The estimation problem nobody warned us about

Software estimation was always a bit of a guess. You’ve been there. A “quick fix” swallows three days whole. A supposedly complex feature wraps up before lunch. We call it agile. Scrum never promised precision anyway. It promised a framework for operating inside uncertainty, which is just a polite way of saying we have no idea, but let’s be structured about it. Then AI arrived and made things weirder.

So what exactly are we estimating?

A while back I was building a .NET feature: API integrations, validation, unit tests, Azure config. My gut said two, maybe three days. Out of habit I opened GitHub Copilot, described what I needed, and watched it start building before I finished typing.

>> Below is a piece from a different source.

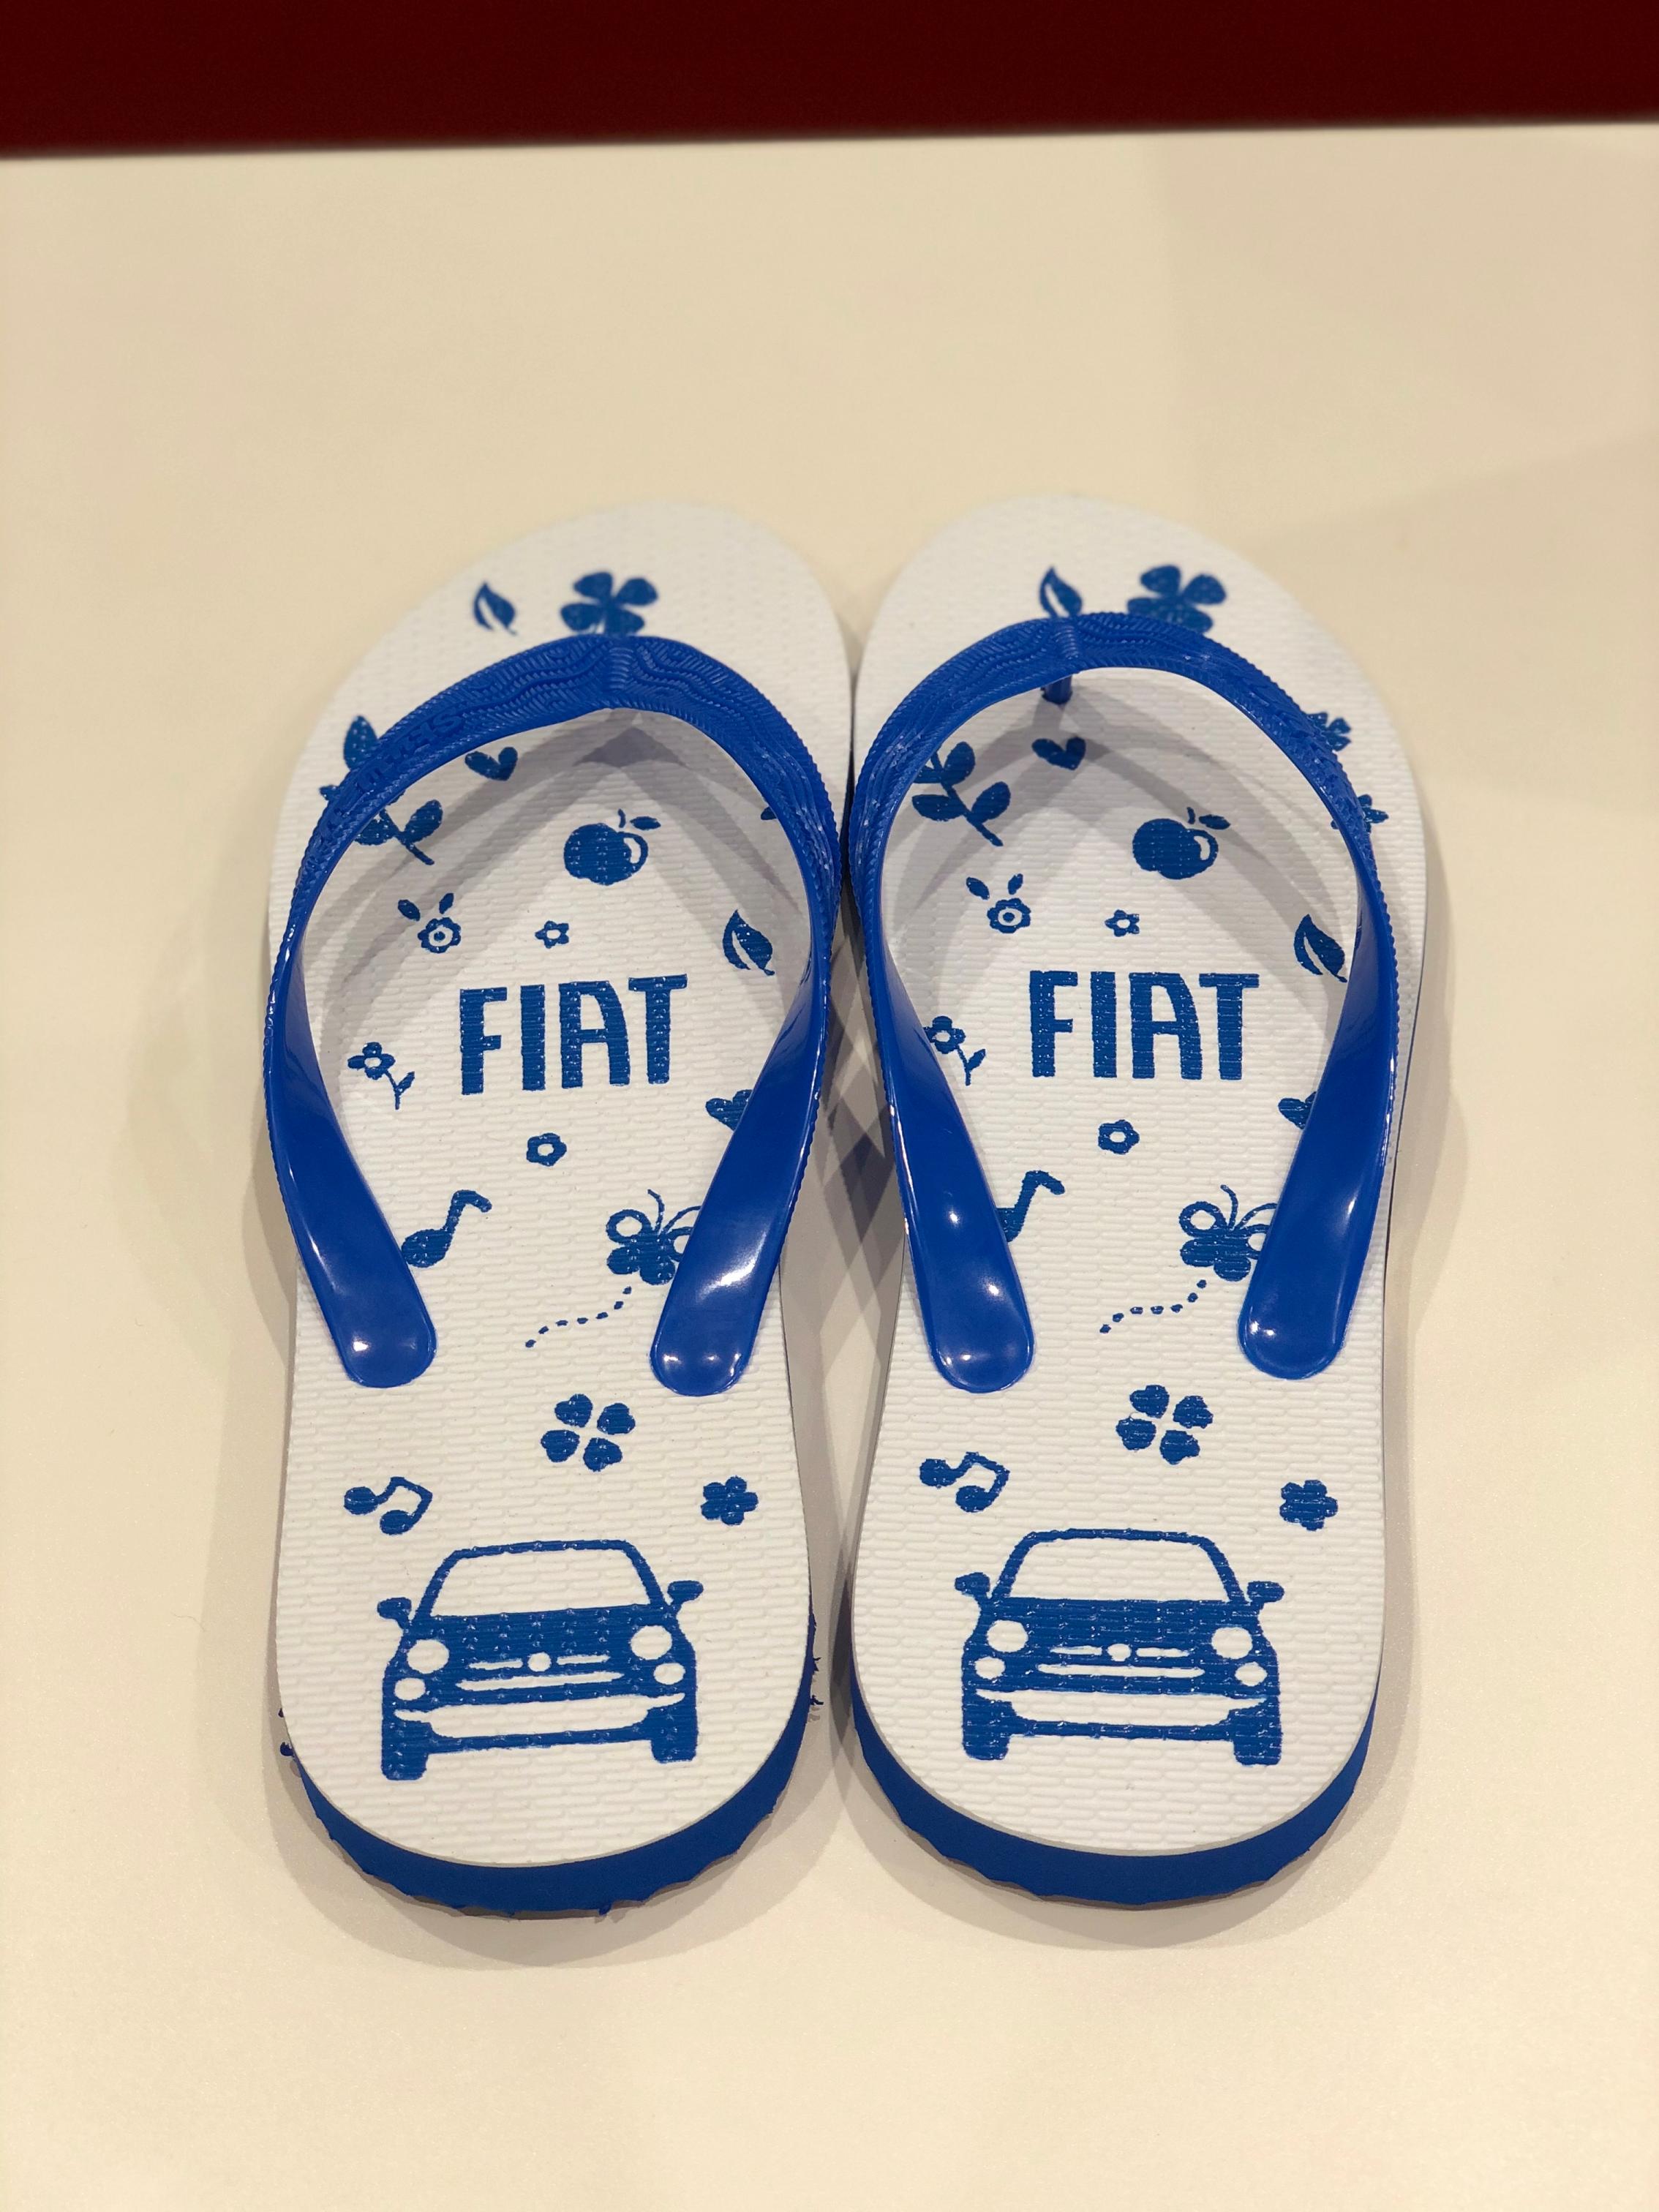 FIAT 500 Sandals

Controllers. Services. Validation. Tests. Docs.

Not perfect. But not nothing either. My first thought was that I would have spent most of this week on that. My second thought was that I had no idea what half of it actually did. The task didn’t shrink to fifteen minutes. But it wasn’t three days either. It became something that doesn’t have a name yet. The old logic was simple: bigger tasks take longer. That held up for decades because writing code was the expensive part. It isn’t anymore.

AI can produce Bicep templates, REST APIs, database scripts, and test suites faster than you can read them. Sometimes what comes out is solid. Sometimes it’s subtly broken in ways that won’t surface until you’re deep in a production incident wondering what went wrong.

The trouble is you usually can’t tell which one you have until you’re already inside it. The uncertainty didn’t leave. It just found a new address.

Writing got cheap. Understanding got expensive.

This is the real shift nobody puts on a slide deck. AI can generate a thousand lines of code in seconds. What it cannot do is tell you whether those lines belong in your architecture, respect your compliance constraints, or hold up six months from now when the product changes direction. That part is still yours. In a lot of cases, that’s where most of the actual work lives now.

Velocity is measuring something stranger

Teams used velocity as a rough compass. Last sprint was 40 points, this sprint will probably be close. Imprecise, sure, but useful enough. AI scrambles that rhythm. One developer ships five stories because the AI did the heavy lifting. Another ships two because they spent the week untangling what the AI confidently got wrong. Who did more for the product? Genuinely unclear. Velocity is now picking up signals it was never designed to read: judgment calls, experience, risk tolerance, and just how lucky the generated output happened to be that week.

Sprint planning has a new question

A few years ago nobody asked this. Now it comes up almost every time: can AI handle this one?

That question reshapes the whole conversation. Something intimidating might turn out to be a quick prompt away. Something that looks trivial might actually demand careful, painstaking review of code you didn’t write and can’t fully vouch for. The uncertainty moved from building it to trusting it.

Done means something different now

When you write every line yourself, you carry the context with you almost automatically. You know why things are shaped the way they are.

AI-generated code doesn’t come with that. It arrives confident, plausible, and context-free. So “does it work?” isn’t enough anymore. The real question is “does it make sense here?” Does it fit the architecture? Does it handle the edge cases your business actually cares about? Are those tests genuinely testing anything, or just performing the idea of tests? Treat AI like a talented contractor who showed up without attending a single design meeting. Capable. Useful. Still needs a real review.

Back to what agile was always supposed to be

Here’s the strange part: AI might actually push teams back toward the point of all this. Outcomes over output. Did the problem get solved? Is the product better? Nobody using your software cares about story points. They care whether the thing works. That becomes the only metric that matters when effort stops being a reliable signal. Scrum isn’t becoming obsolete. It was built for uncertainty, and uncertainty didn’t go anywhere. The teams that thrive won’t be the ones generating the most code. They’ll be the ones making sharper decisions about which code should exist at all. Story points aren’t getting less useful because Scrum is broken. They’re getting less useful because writing code stopped being the hard part.